Bankman is further alleged to have helped cover up the allegation from a former FTX lawyer of SBF's businesses had engaged in money laundering and price manipulation.

Instead of looking into the claims, the lawsuit alleges Bankman suggested investigating the attorney.

Fried was never formally an FTX employee, however, she was heavily involved in her son's work, especially as it pertained to making political donations.

According to the suit, she encouraged him to make 'straw donations,' which concealed that the money given was coming from FTX, a strategy devised to 'avoid (if not violate) federal campaign finance disclosure rules.'

Through its incredibly high-stakes and complex bankruptcy process, FTX has been led by John Jay Ray III, an attorney and CEO who specializes in recovering funds from failed companies.

Last month, US District Judge Lewis Kaplant revoked Bankman-Fried's $250 million bail after finding that the former billionaire likely tampered with witnesses at least twice.

Bankman-Fried quickly appealed, arguing he would be unable to properly prepare for his scheduled October 3 trial from behind bars. Earlier this month, the appeals court denied SBF's request to be released from a Brooklyn jail.

The alleged fraudster has pleaded not guilty to stealing billions of dollars in FTX customer funds to plug losses at Alameda Research, his crypto-focused hedge fund

Bankman-Fried's lawyers claimed he was being fed a 'flesh diet' and forced to make do with bread, water and peanut butter. 

His legal team also complained that he would be unable to prepare without his correct medication. They  argued that he needed access to computers and medication to prepare properly. 

He was previously granted access to Adderall, after his lawyers told the court that he would take 10mg tablets three to four times a day for his ADHD.

Bankham-Fried was also allowed 'uninterrupted access' access to his Emsam prescription for depression by Kaplan on August 14.

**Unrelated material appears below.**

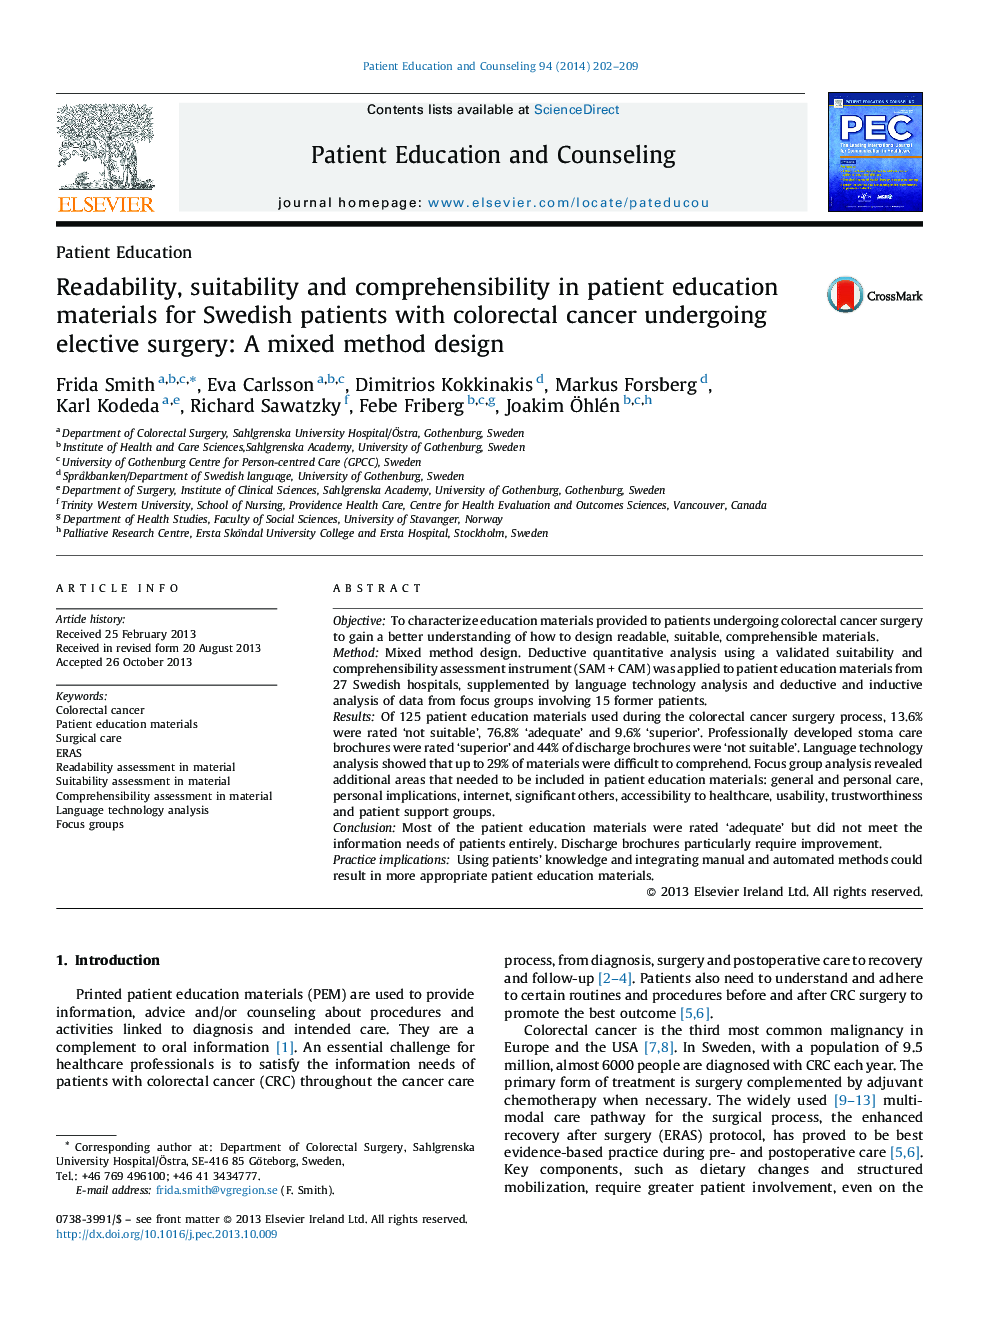 Readability, suitability and comprehensibility in patient education materials for Swedish patients with colorectal cancer undergoing elective surgery: A mixed method design

But just eight days later, his attorneys complained he had not been given access to the drugs.

Prosecutors pushed for Bankman-Fried to be jailed after he shared the personal writings of Caroline Ellison, Alameda's former chief executive and his onetime romantic partner, with a New York Times reporter.

Last week, the Times published parts of a 250-page, 15,000-word Twitter thread that Bankman-Fried wrote while under house-arrest but never publishes.

'I’m broke and wearing an ankle monitor and one of the most hated people in the world,' he wrote. 'There will probably never be anything I can do to make my lifetime impact net positive.' 

In repeated mentions, Bankman-Fried blamed Ellison, the CEO of his investment company Alameda Research, for FTX's implosion, claiming she was ill equipped for the role he gave her, and she refused to implement his trading strategies that would have prevented the collapse.

Bankman-Fried is now blaming Caroline Ellison, the CEO of his investment company Alameda Research, for FTX's implosion, claiming she was ill equipped for the role he gave her

He wrote: 'She continually avoided talking about risk management - dodging my suggestions - until it was too late... Every time that I reached out with suggestions, it just made her feel worse. I’m sure that being exes didn’t help.'

Bankman-Fried and Ellison had a romantic relationship, which ended 'the same way most of my relationships end,' he claimed - 'They want more intimacy and commitment and public visibility than I do, and I feel claustrophobic.'

In a show of what his defense strategy could be like, Bankman-Fried argued Alameda would have stayed solvent if Ellison had agreed to hedge its aggressive trading strategy, as he claims he suggested.

'If Alameda had hedged, it would have remained solvent and prevented the entire unhappy story,' he wrote. 

Ellison, 28, told a New York court last year that she ran Alameda Research and essentially had access to an 'unlimited' amount of FTX client money.

She pleaded guilty to fraud charges, confessing she agreed with Bankman-Fried to give 'materially misleading financial statements' in order hide the arrangement - which she knew was illegal.